>>>
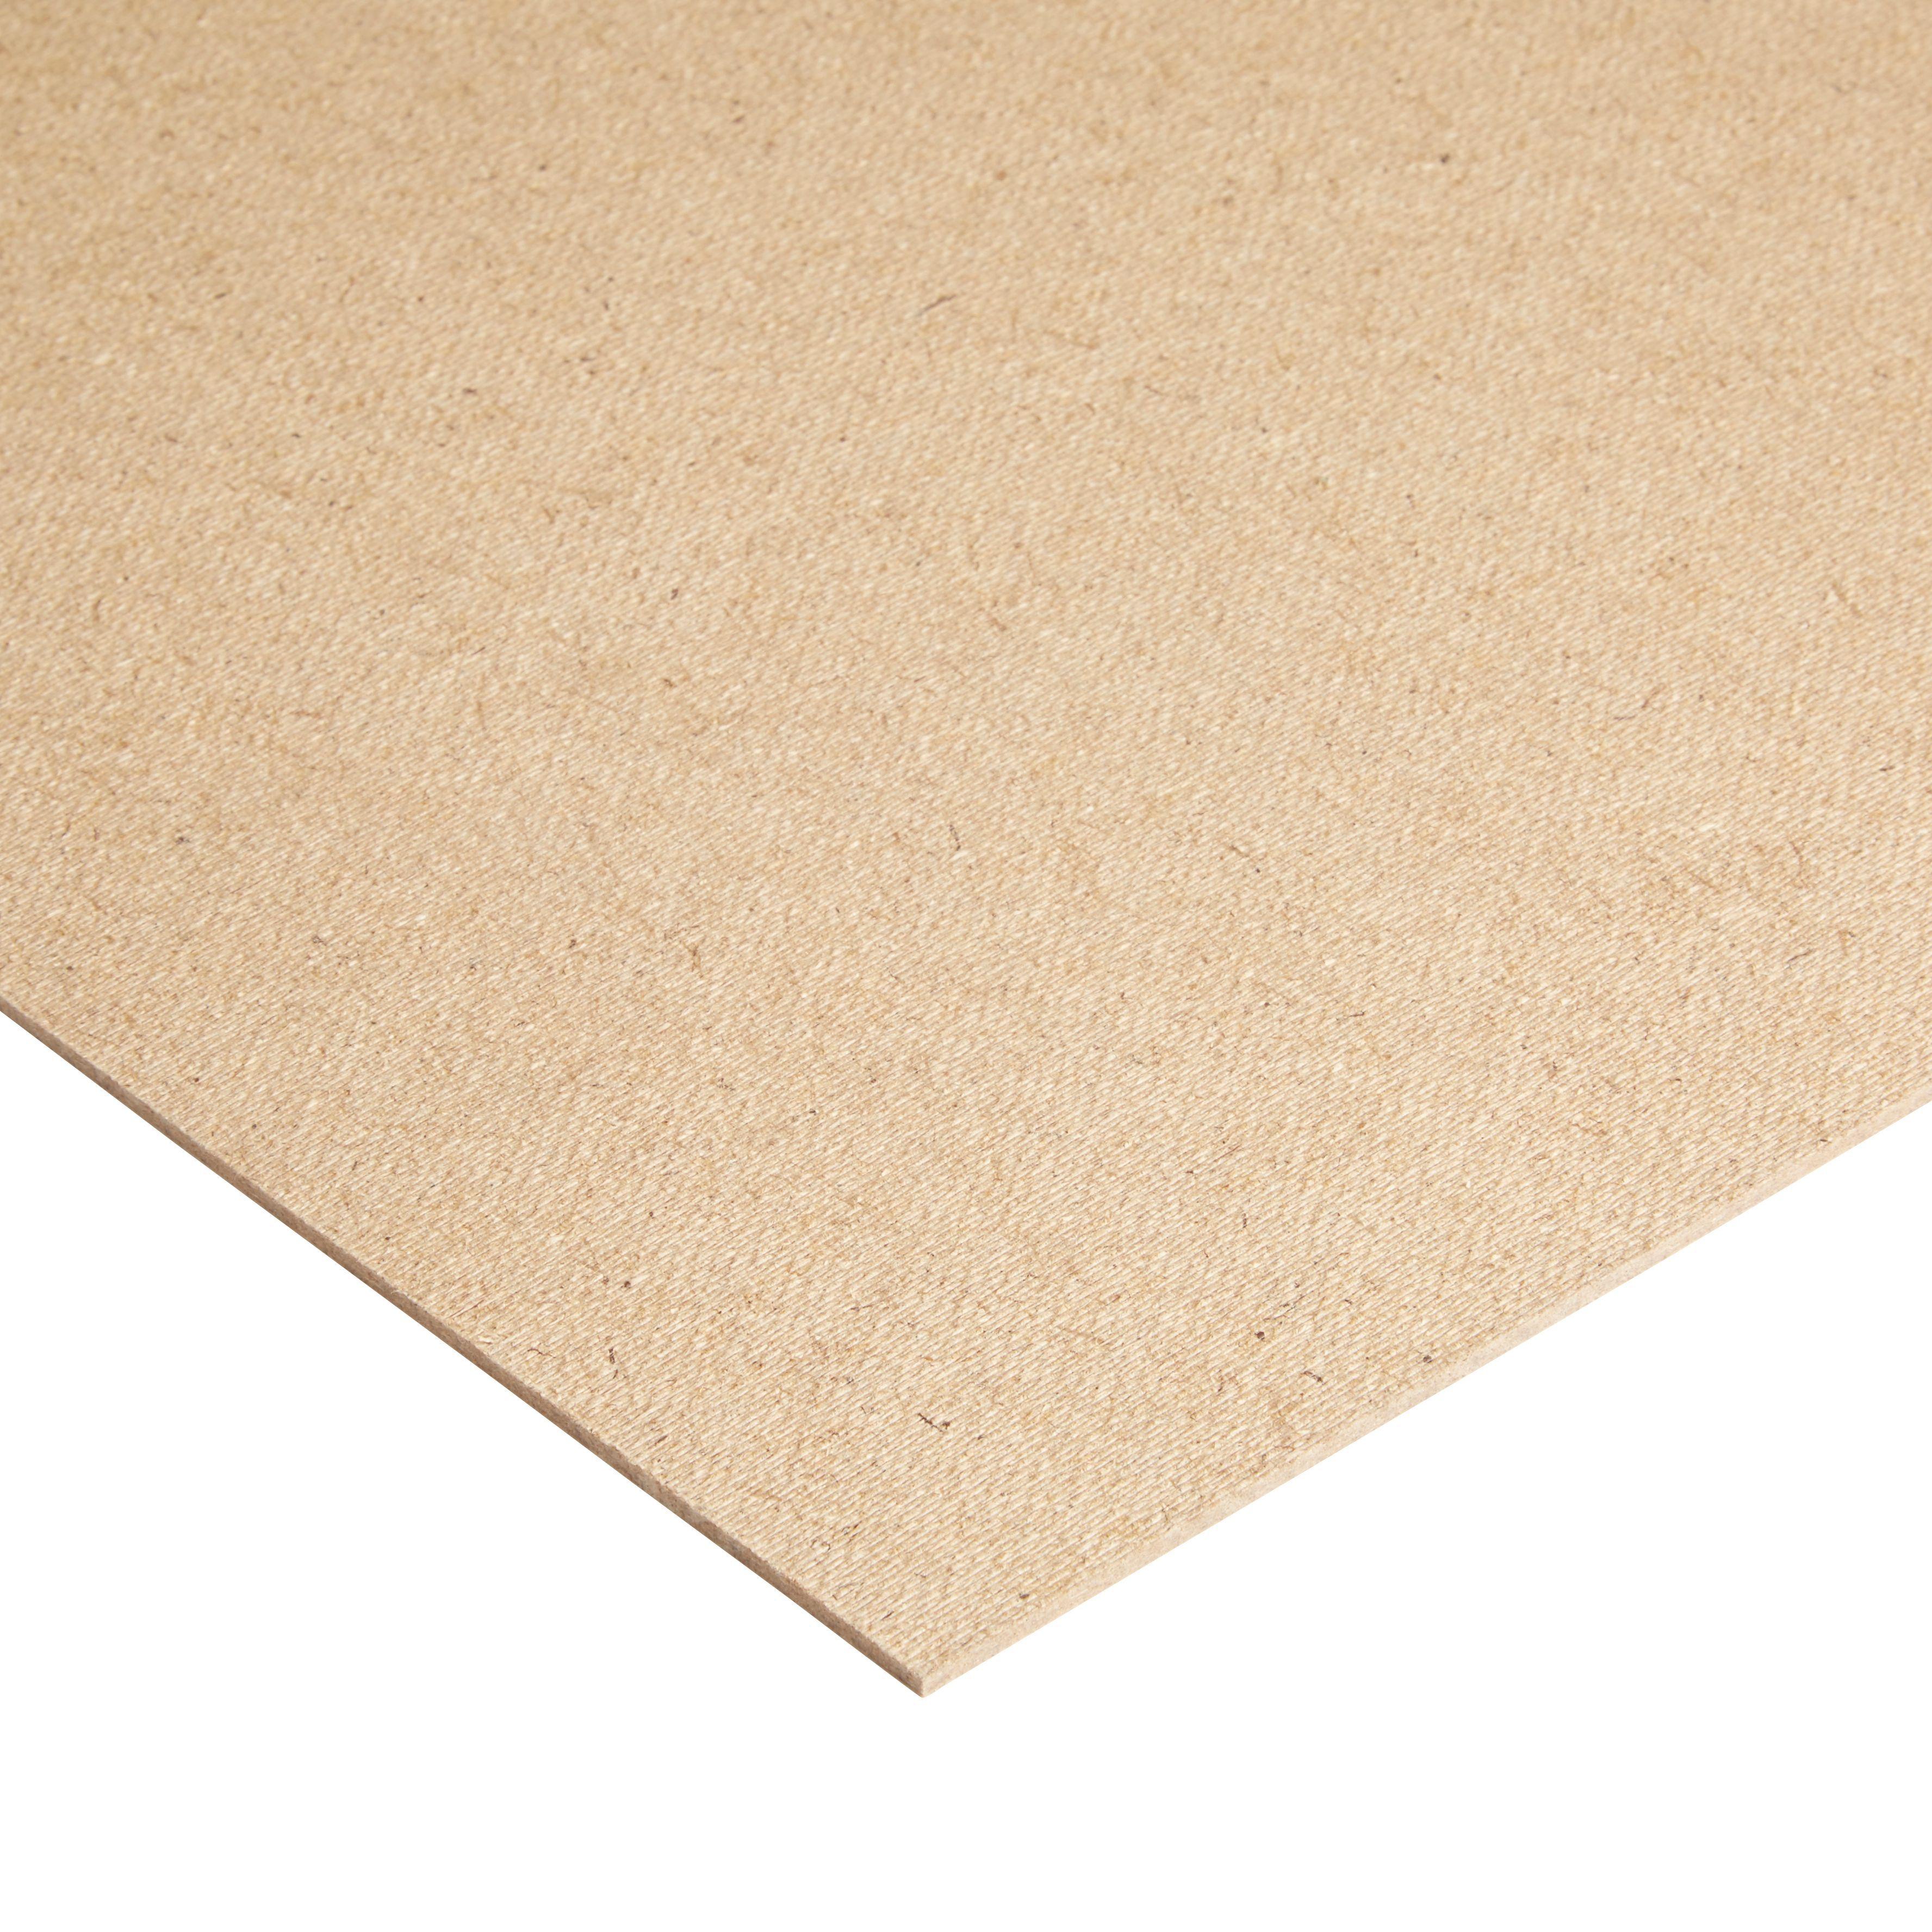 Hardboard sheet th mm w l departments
<<<
>>>
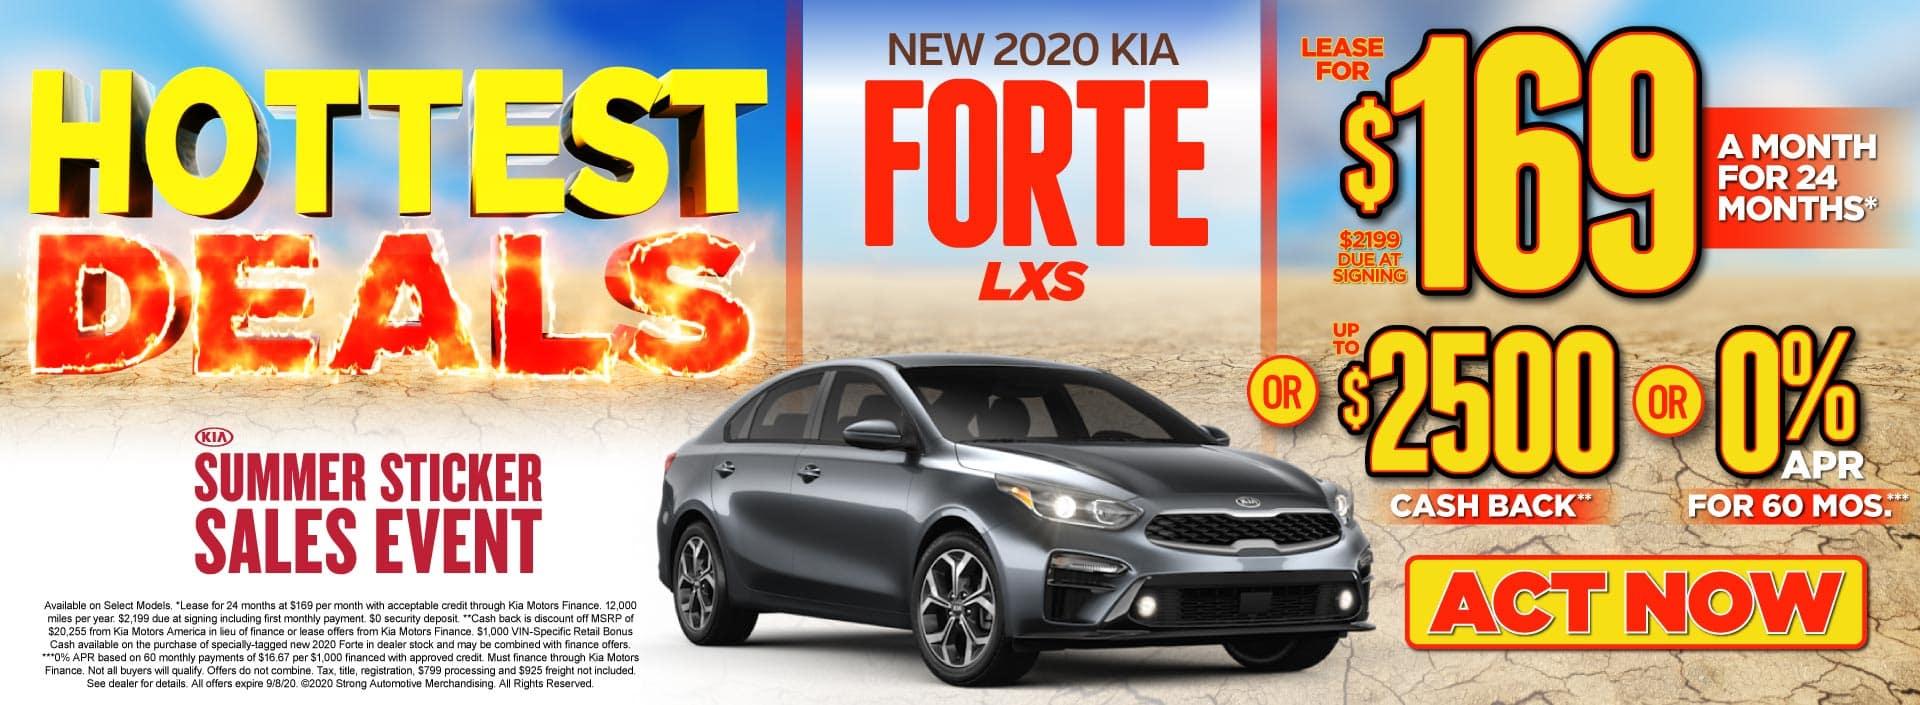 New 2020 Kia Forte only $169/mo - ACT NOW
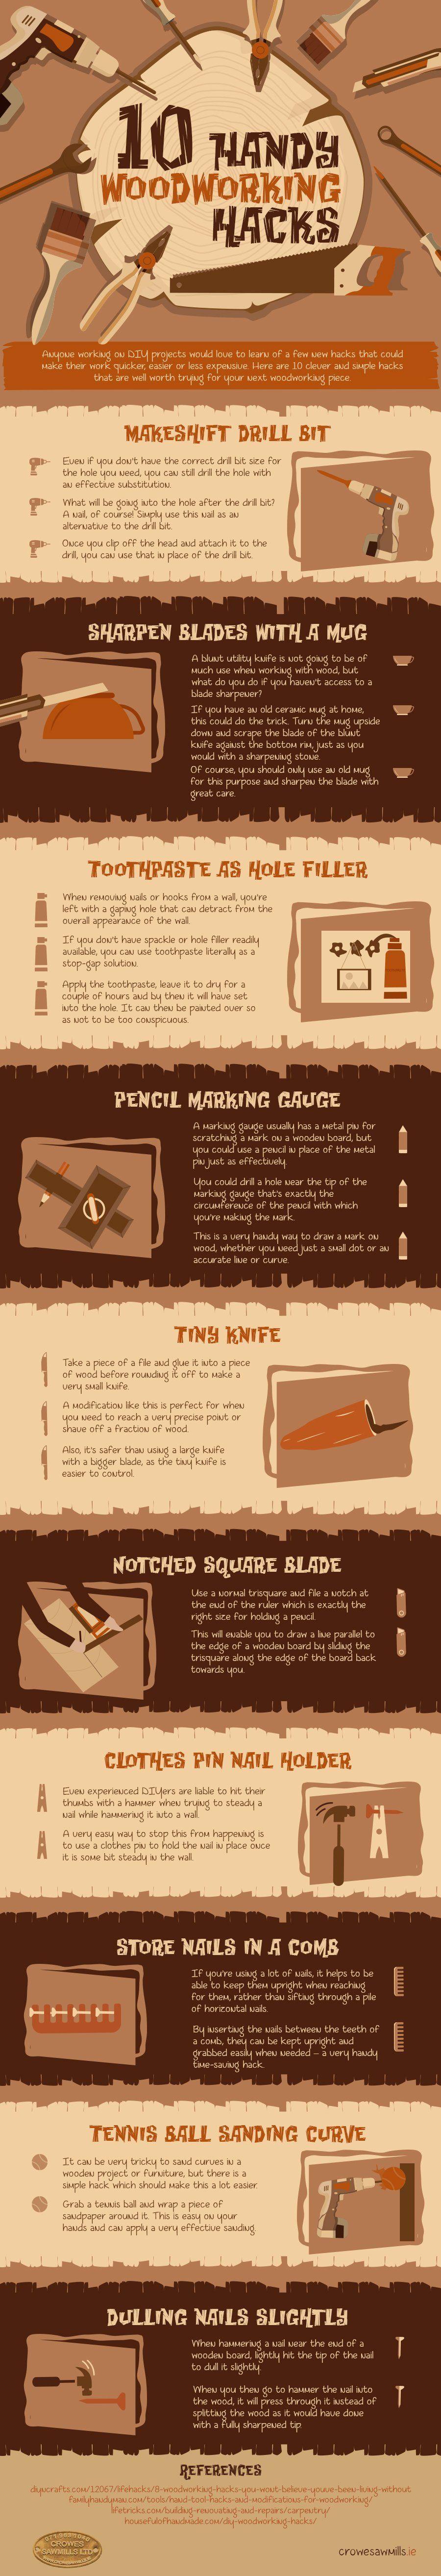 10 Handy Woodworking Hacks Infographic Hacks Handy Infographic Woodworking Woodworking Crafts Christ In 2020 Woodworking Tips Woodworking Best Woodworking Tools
<<<
• TRY IT:
Your task is to copy only the lines above starting at the one containing "New 2020 Kia Forte only $169/mo - ACT NOW" and ending at the one containing "10 Handy Woodworking". Copy them exactly, both ends included, and omit the pictures.

• YOUR RESPONSE:
 New 2020 Kia Forte only $169/mo - ACT NOW
 10 Handy Woodworking Hacks Infographic Hacks Handy Infographic Woodworking Woodworking Crafts Christ In 2020 Woodworking Tips Woodworking Best Woodworking Tools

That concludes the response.